Тело Коли уже перестало замирать при встрече с ними, очевидно, привык. Он четко понял, что надо бежать и побежал, он выскочил из погреба во двор и увидел ищущих его мужиков. Коля понял, что настоящие мужики еще спят, а это черти, они ищут его и путь к бегству отрезан. Возле входа в тот подвал стояла коса, он схватил ее и стал размахивать, пробиваясь через обступивших его чертей, одного даже удалось резануть по спине, но другие были ловчее, накинули бродяге на голову мешок и стали ломать. Коля понял, что настали последние минуты его жизни, тут-то бесы его и замучают. Он стал дико рычать и отчаянно рваться, скинул с себя мешок, но руки его уже были стянуты за спиной двойной петлей кожаного ремня. Но ярость, полившаяся потоками лавы из вулкана, не могла, не хотела утихнуть — он должен вырваться, все его оставшиеся силы пыли направлены на то, чтобы бежать и спастись от мучительной смерти. Однако четверо мужиков держали крепко, рычание его превратилось в хрип, изо рта полетела пена – он увидел перед собой Михаила.

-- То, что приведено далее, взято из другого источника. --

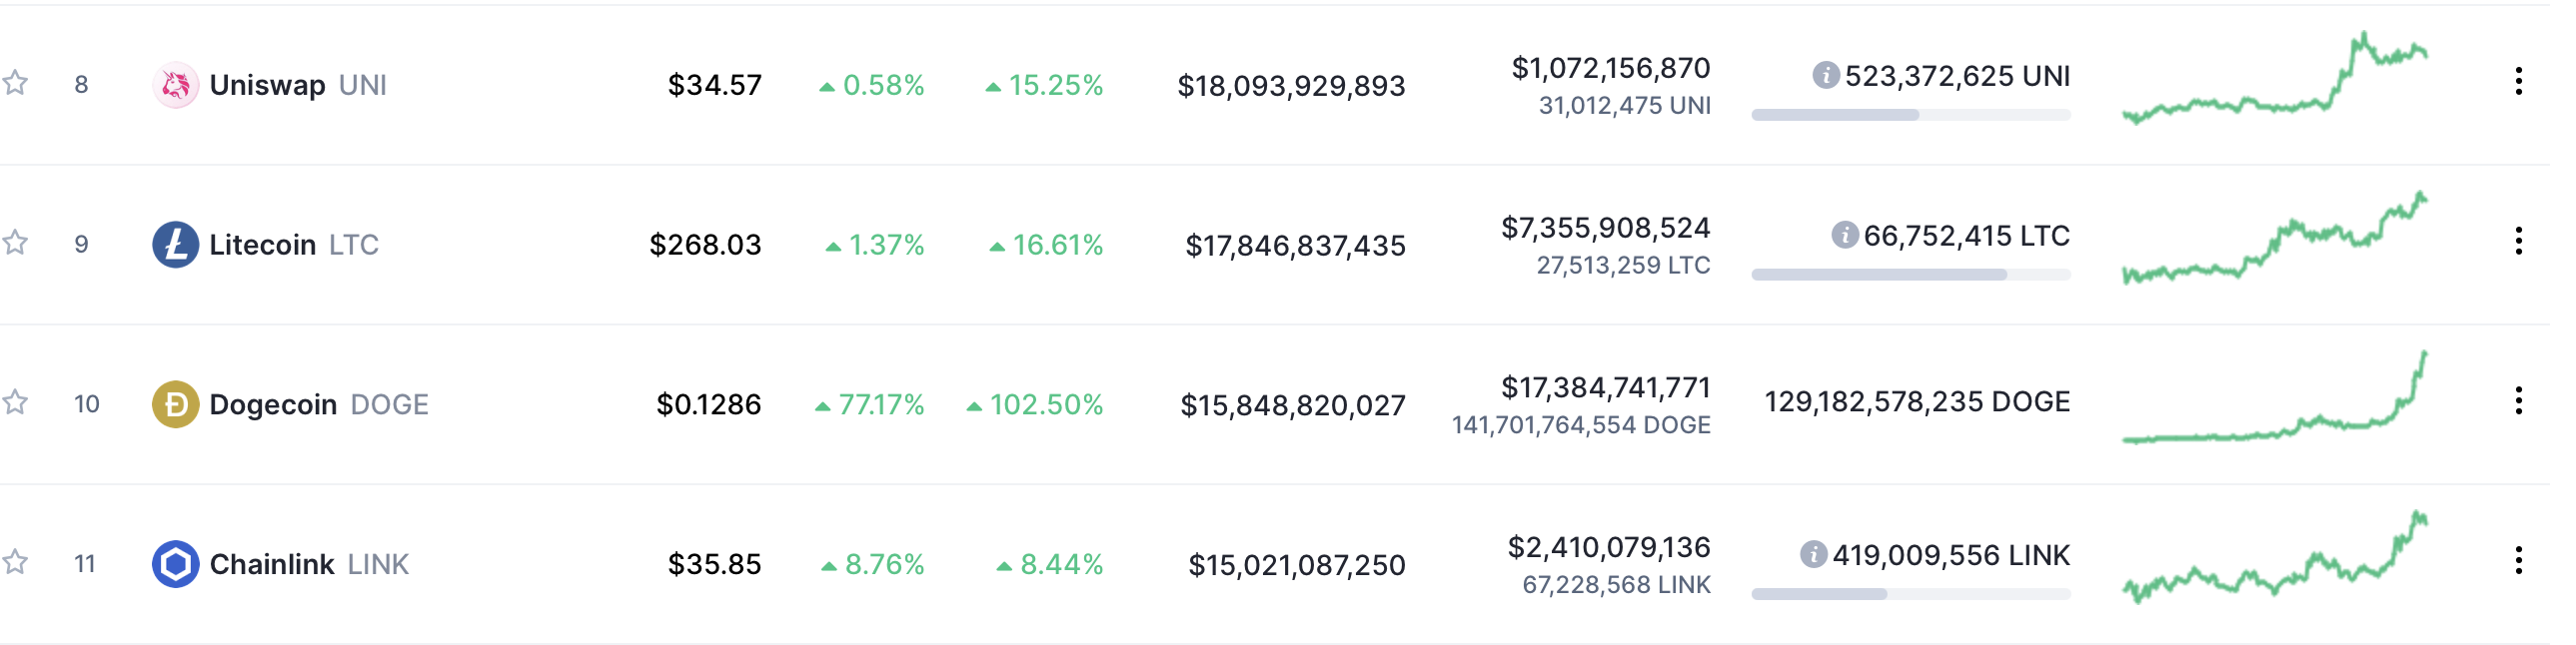 Dogecoin climbed to 10th place in terms of capitalization
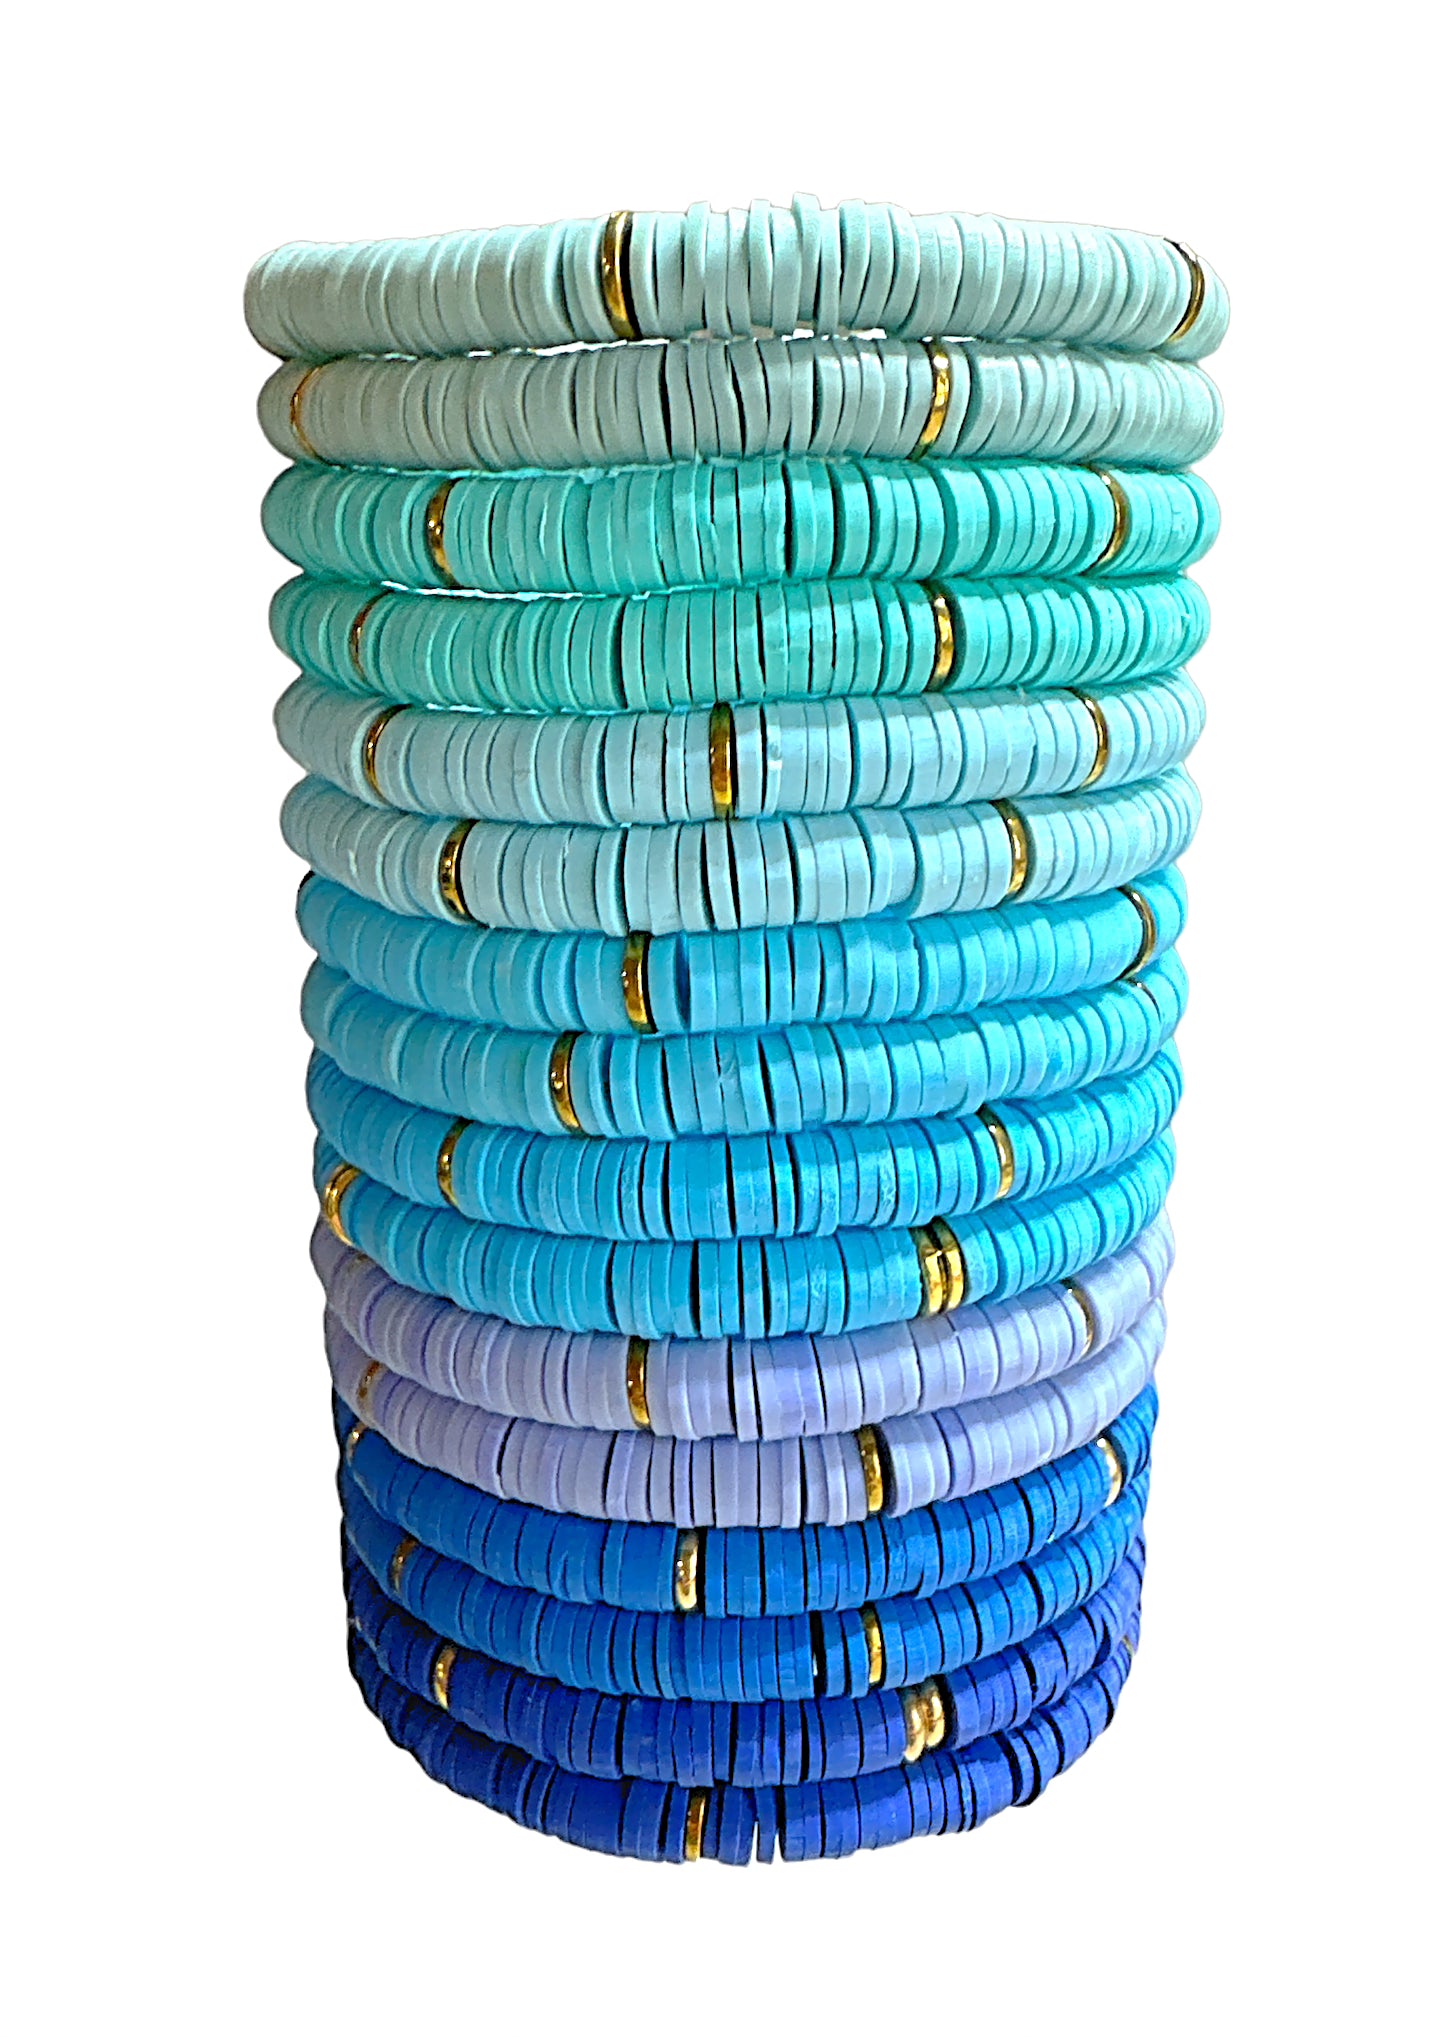 Approx. 15 Strand 4x1mm Polymer Clay Heishe Beads, Sky Blue

— Да воскреснет Бог, и расточатся врази его, и да бегут от лица Его ненавидящии Его. Яко исчезает дым, да исчезнут; яко тает воск от лица огня, тако да,.. – в голосе протоиерея больше не слышалось привычного спокойствия, он повелевал, но повелевал не Коле, а тем троим с вокзала, которые пришли за ним. Бродяга же, потеряв последние силы, в борьбе с атакующей нечистью, был сбит с ног зеленым змием и повис на руках удерживающих его работников.
Вызвали скорую, врачи на месте наложили на спину пострадавшему швы, потому что Колю следовало везти совсем в другую больницу. В салоне «скорой» он лежал, привязанный к носилкам, и, придя в сознание, увидел, что трое ехали вместе с ним.
— Теперь тебе недолго жить осталось, — поставил его в известность тот, что сидел посредине, — от попа тебя везут прямо к нам. Ты знаешь, что мы с тобой там сделаем, мразь?! Ты еще представить не можешь, какими муками обойдется тебе несусветная дурь твоя.
Гангстер открыл чемоданчик и достал кованый железный крюк. Примерился и с размаху ударил острием в левую грудную мышцу бродяги. Коля взвыл, конвульсивно задергался в ремнях, но освободиться был не в силах.
— Пойдем, пойдем с нами! — орал тот, что посредине, он распахнул заднюю дверь скорой и, зацепив крюком за ребра, тянул Колю к какому то отверстию в каменной стене. Коля выл и упирался, не желая идти туда, где, как он чувствовал, и произойдет самое страшное, но другие черти выхватили крюки и вонзили их ему в бока, зацепив, таким образом, намертво, они потащили его к стене, хохоча и передразнивая его вой. Стена вдруг распахнулась, и в неестественном алом свете Коля увидел множество людей, как и он, вопящих и мучимых бесовскими сонмами. Черти тянули его туда, к ним, но пережить этот ужас было настолько немыслимо, что в последний момент Коля даже усмехнулся чертовой наивности, полагающей, что он сможет там существовать хоть мгновение. Бродяга снова сбежал, оставив в бесовских лапах только тело.
На другой день Михаилу позвонили, и он сообщил мужикам, что работник Николай, будучи тридцати девяти лет отроду, умер от сердечного приступа, как только его ввели в палату желтого дома.